Да, Россия, которую мы — будто бы — знаем и помним, крашена-перекрашена темпераментом Достоевского, хандрой Некрасова, толстовским поиском идеала. Их вторая реальность всегда стремилась занять — и заняла — место первой, сырой, непреображенной. Модель Толстого, версия Достоевского — вот что такое российское прошлое, ими по-своему запечатленное, с их Карамазовыми — Каратаевыми, по которым мы нынче и судим о загадочной русской душе…

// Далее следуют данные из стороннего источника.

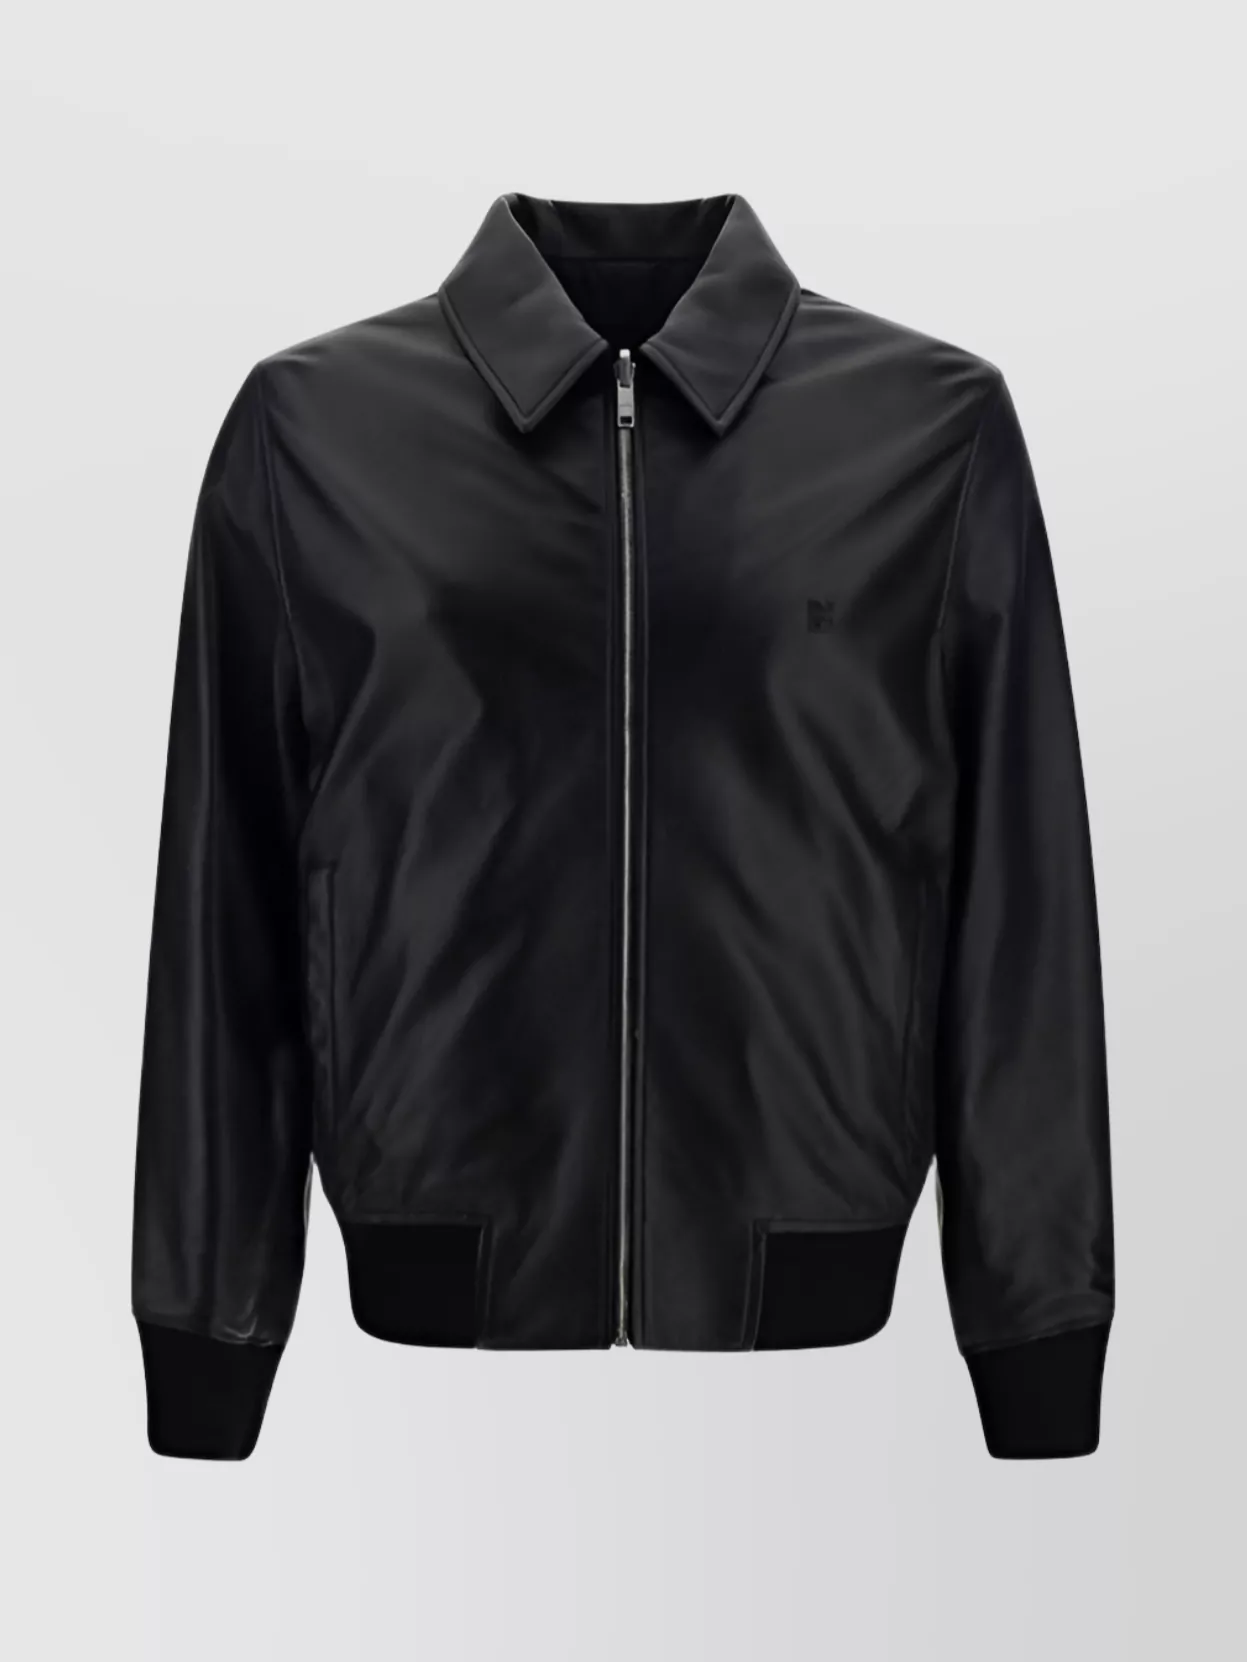 Givenchy Lambskin Jacket With Elasticized Regular Fit In Black

Да, если даже решим, как было сказано, постигать историю жизни и быта по тем, кто слабей как творец, демиург, по причине ли меньших претензий или нехватки таланта, по Потапенко, Боборыкину, Шеллеру, то уж более обоснованно доверять лишь Максимову, Энгельгардту и Гиляровскому, по-нашему — документалистам, хотя и тогда… Нет, конечно, приблизимся к предмету нашего вожделения, но выйдет, как в детской игре: теплее… теплее… совсем тепло… Горячо — не получится.

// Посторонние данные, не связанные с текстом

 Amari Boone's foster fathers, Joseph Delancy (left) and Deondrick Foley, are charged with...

Наша история — это они (ну хорошо: и они), наши художники, внушавшие и внушившие нам наш образ. Значит, и мы — это они, так что время от времени возникающий бунт против них, обещания сбросить с борта парохода или приговорить к насильственному забвению — наивность и глупость. Хотим — теперь извините за неэстетизм — два пальца в рот и изрыгнуть: кто Достоевского, кто Чернышевского. Поздно.
Хотя — было, я думаю, в истории русской литературы и, стало быть, русского сознания мгновение, которое задним числом можно расценить как шанс, чью реальность уже ни доказать, ни опровергнуть. Имею в виду то самое лермонтовское признание в странной любви к родине. Для него самого не совсем понятное приглядывание к мужичку, к народу вне общеизвестных функций — «кормильца» ли, «богоносца», оплота самодержавия или объекта сострадания.
Правда, и несколько раньше другой поэт от своей декабристской, гражданственной, обличительно-скорбной «Деревни», где парни — не парни, но «младые сыновья», превращенные в «измученных рабов», девки — не девки, но «девы юные», цветущие для элодея, вдруг перейдет, к неудовольствию многих, к такой же «странной» любви: «Иные нужны мне картины… Теперь мила мне балалайка да пьяный топот трепака перед порогом кабака». А много позже крестьянский сын окажется не догадливее армейского поручика: «Но люблю тебя, родина кроткая! А за что — разгадать не могу».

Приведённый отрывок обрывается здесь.